[INFORMATION SHOWN Boundary: Start]

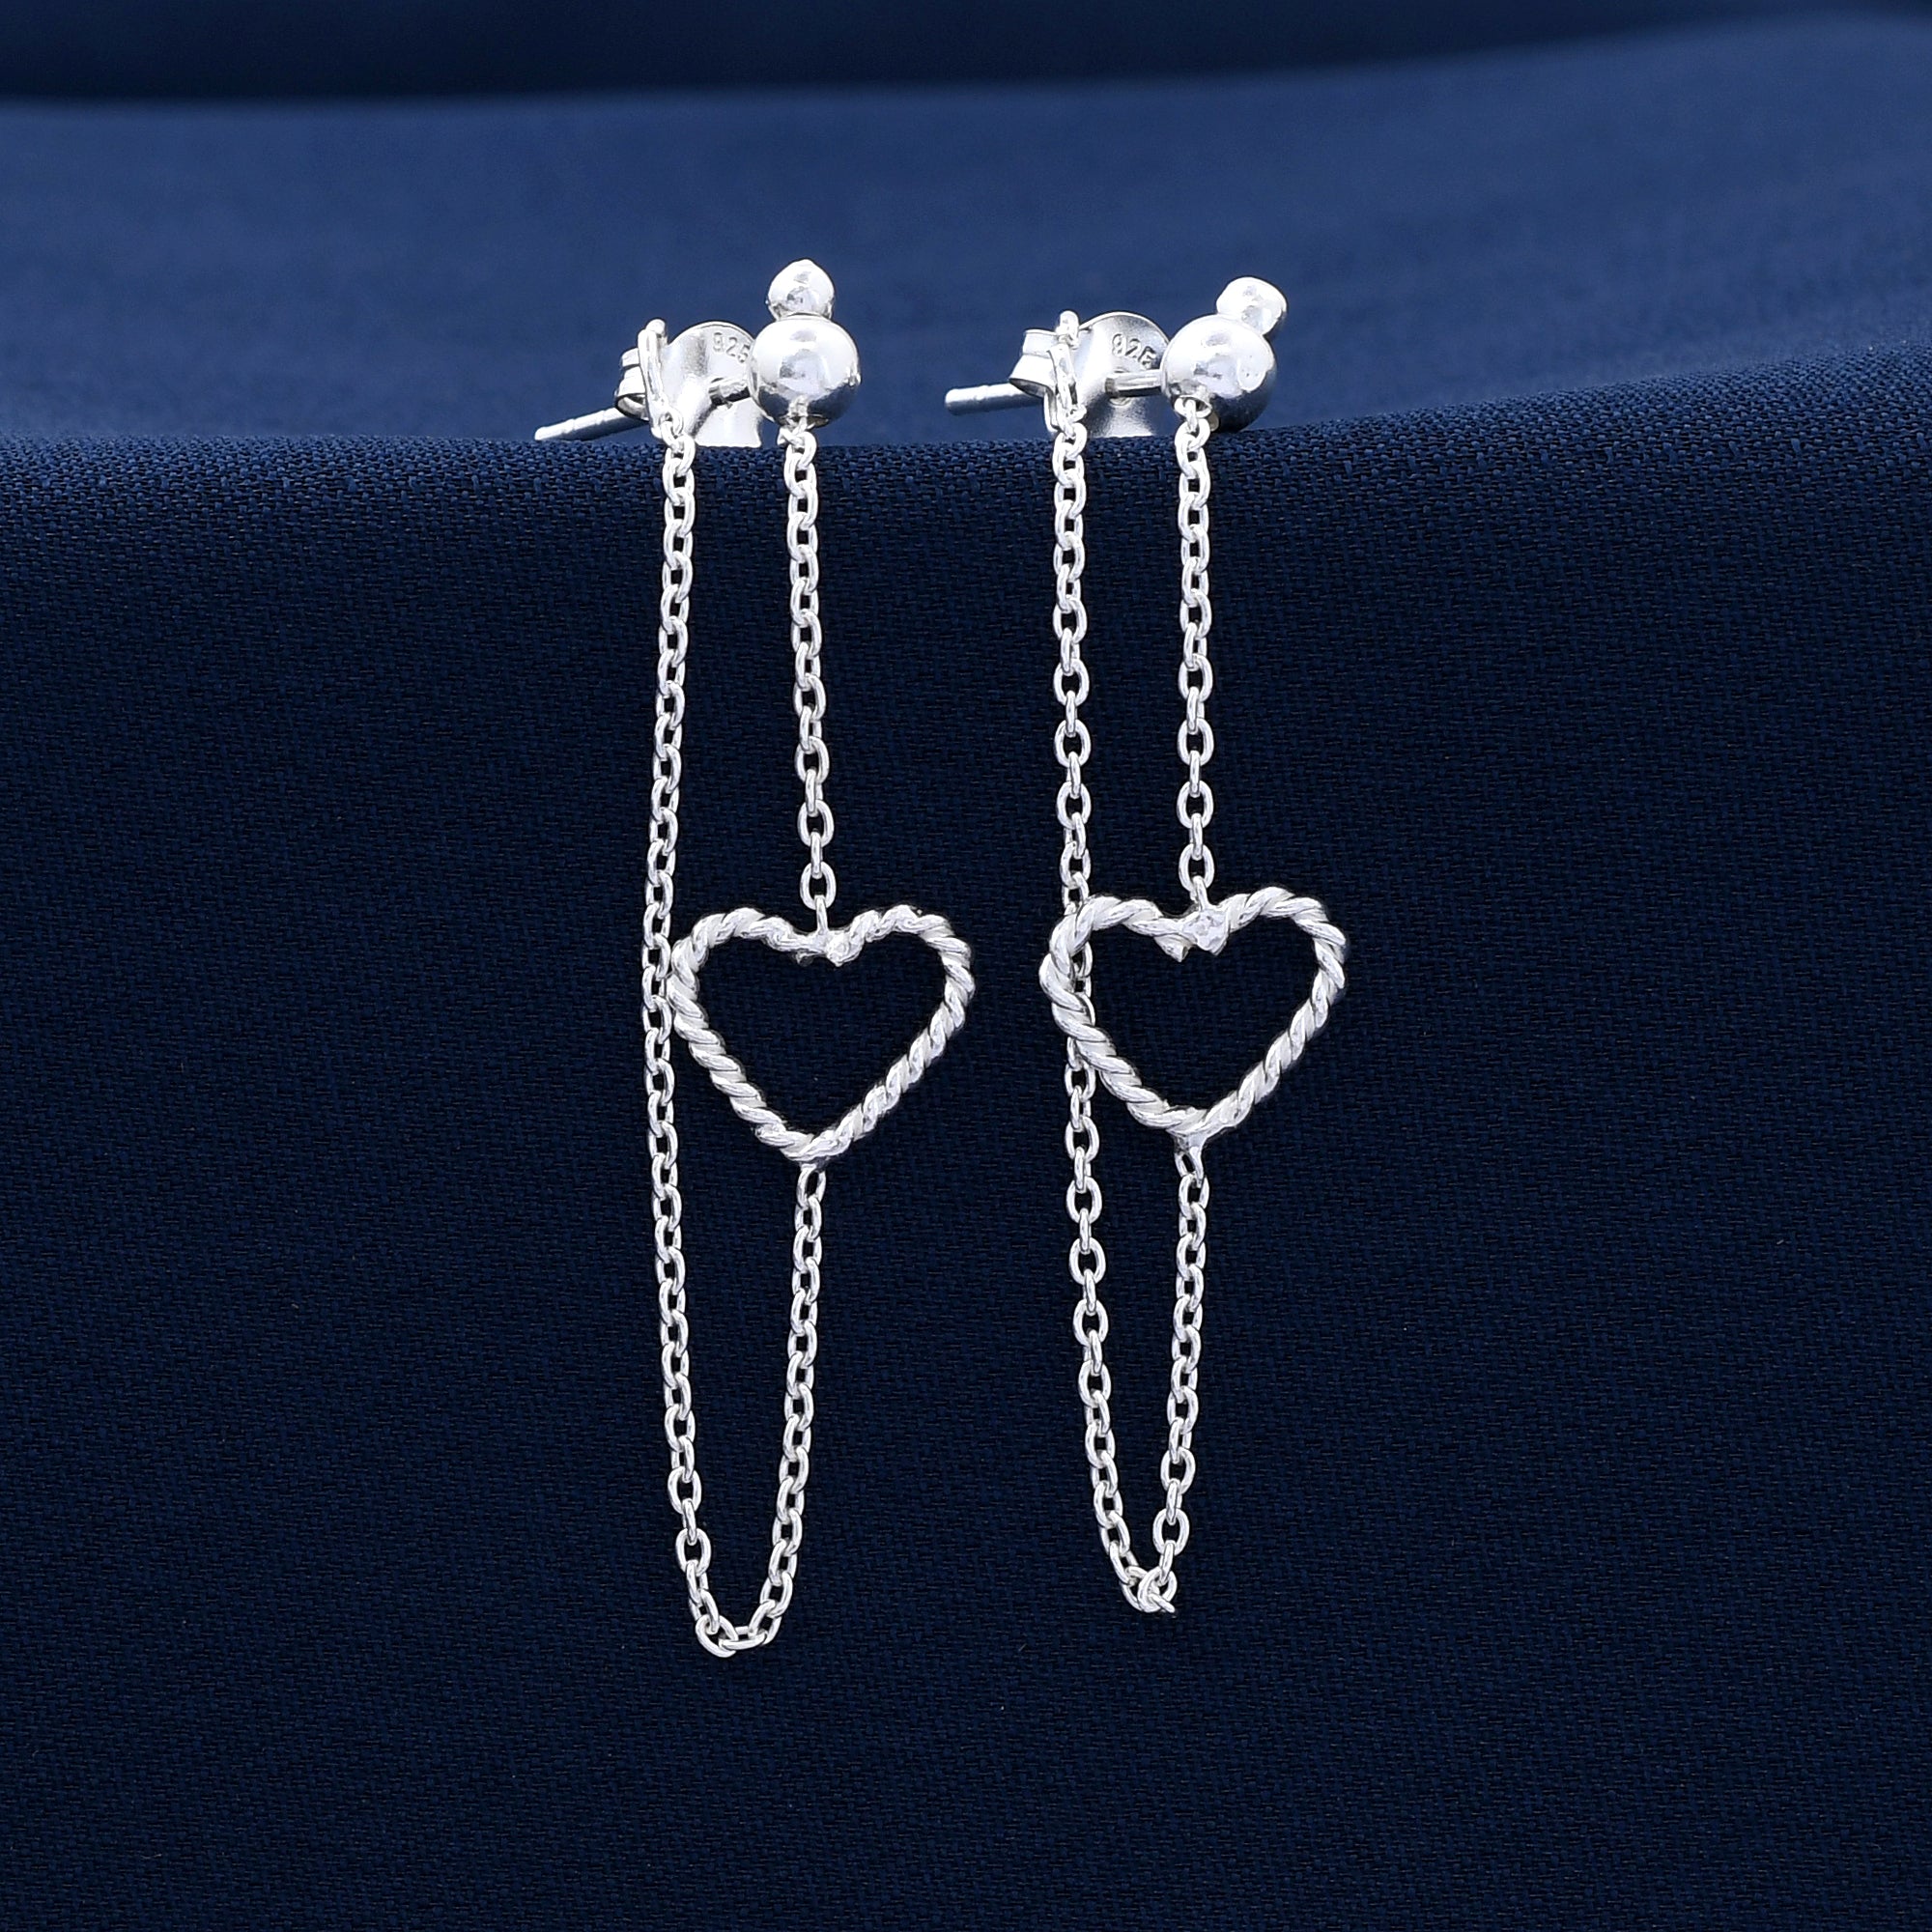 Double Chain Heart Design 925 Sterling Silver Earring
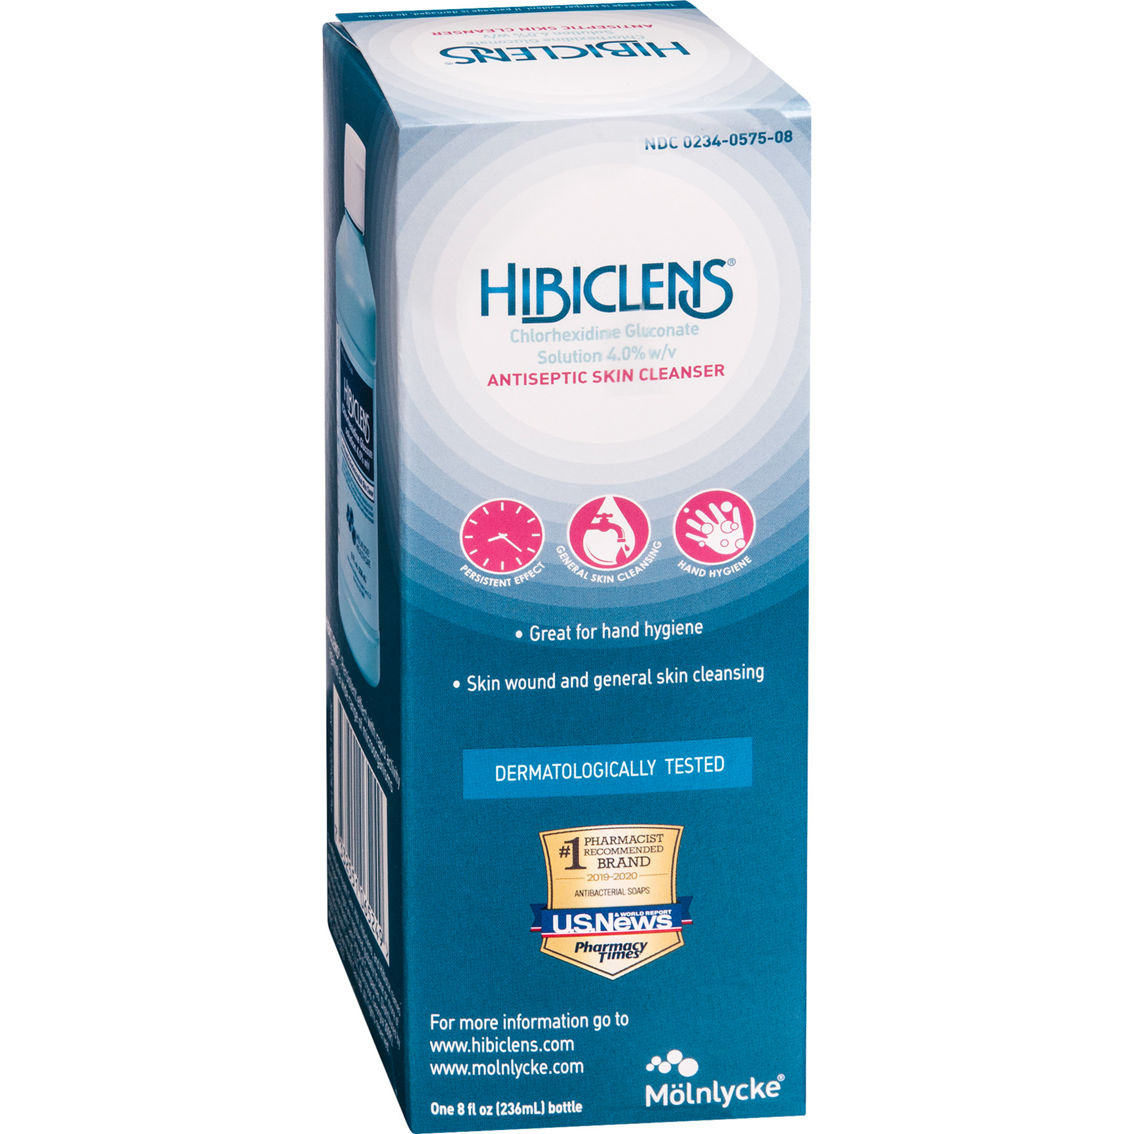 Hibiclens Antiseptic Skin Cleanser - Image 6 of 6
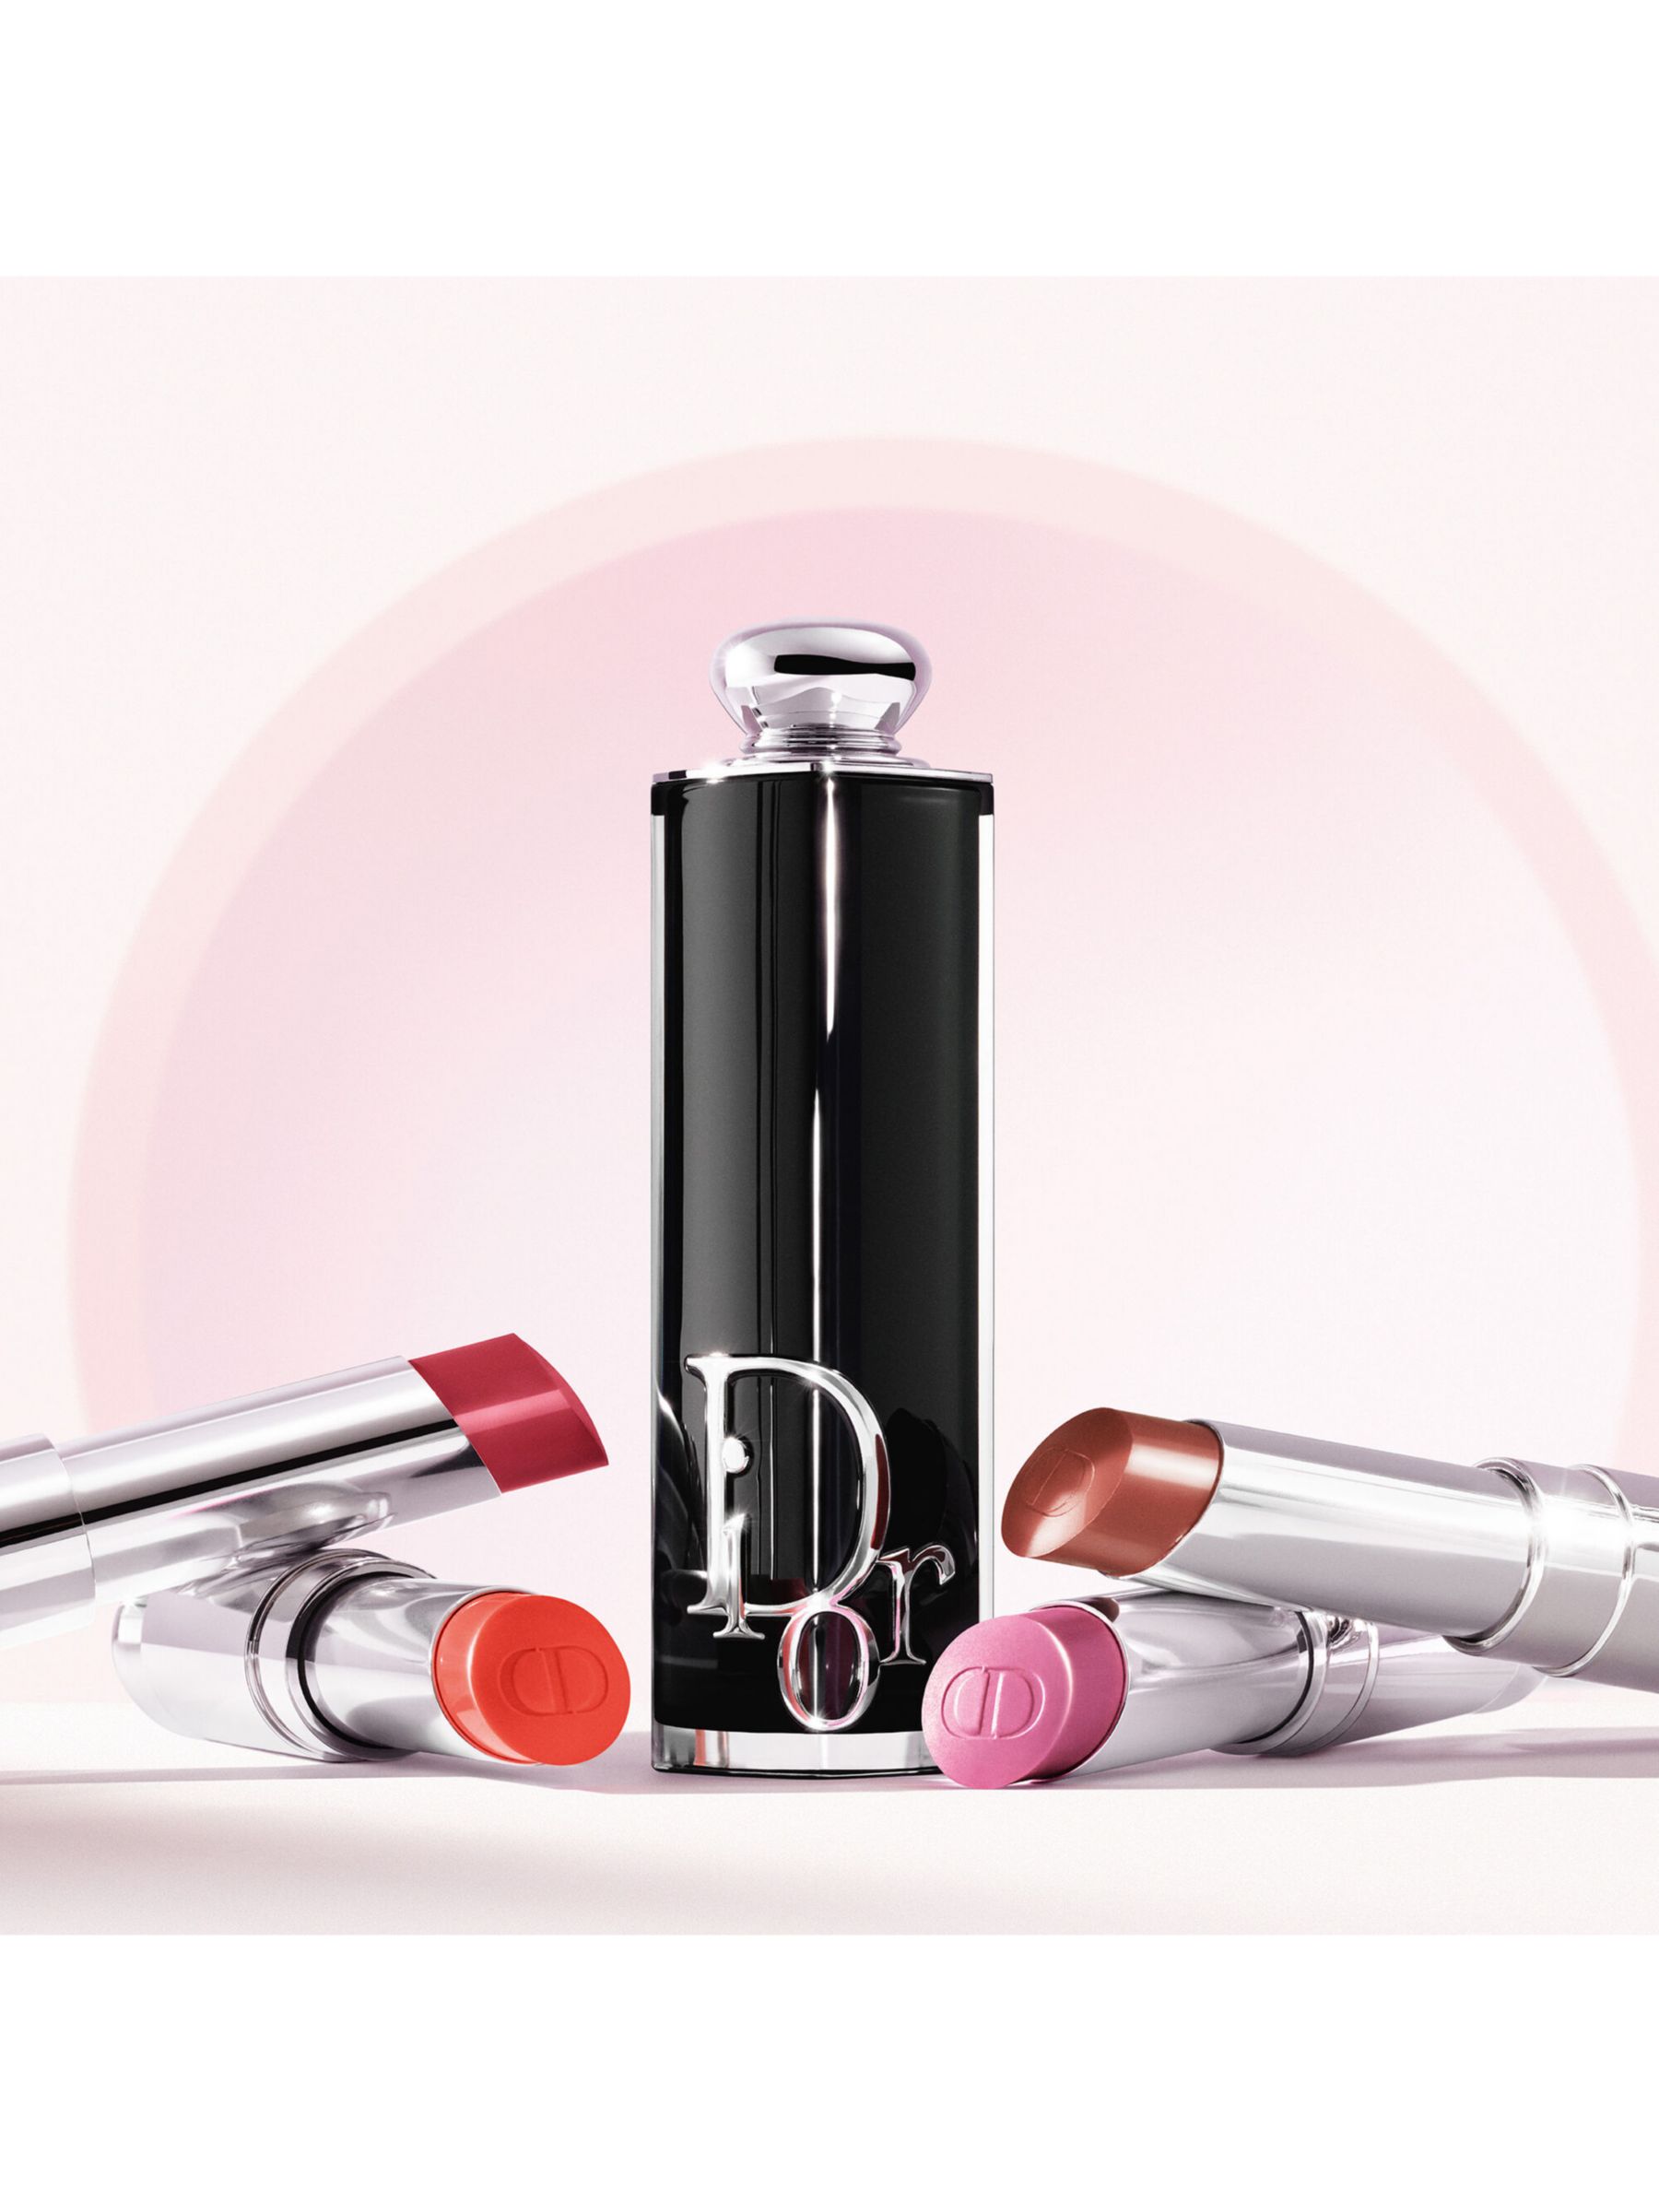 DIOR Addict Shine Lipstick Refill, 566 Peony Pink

[INFORMATION SHOWN Boundary: End]

■ WORK TO COMPLETE ■
Could you write out every line above exactly as it stands, with no images?

■ TASK RESPONSE ■
 Double Chain Heart Design 925 Sterling Silver Earring
 Hibiclens Antiseptic Skin Cleanser - Image 6 of 6
 DIOR Addict Shine Lipstick Refill, 566 Peony Pink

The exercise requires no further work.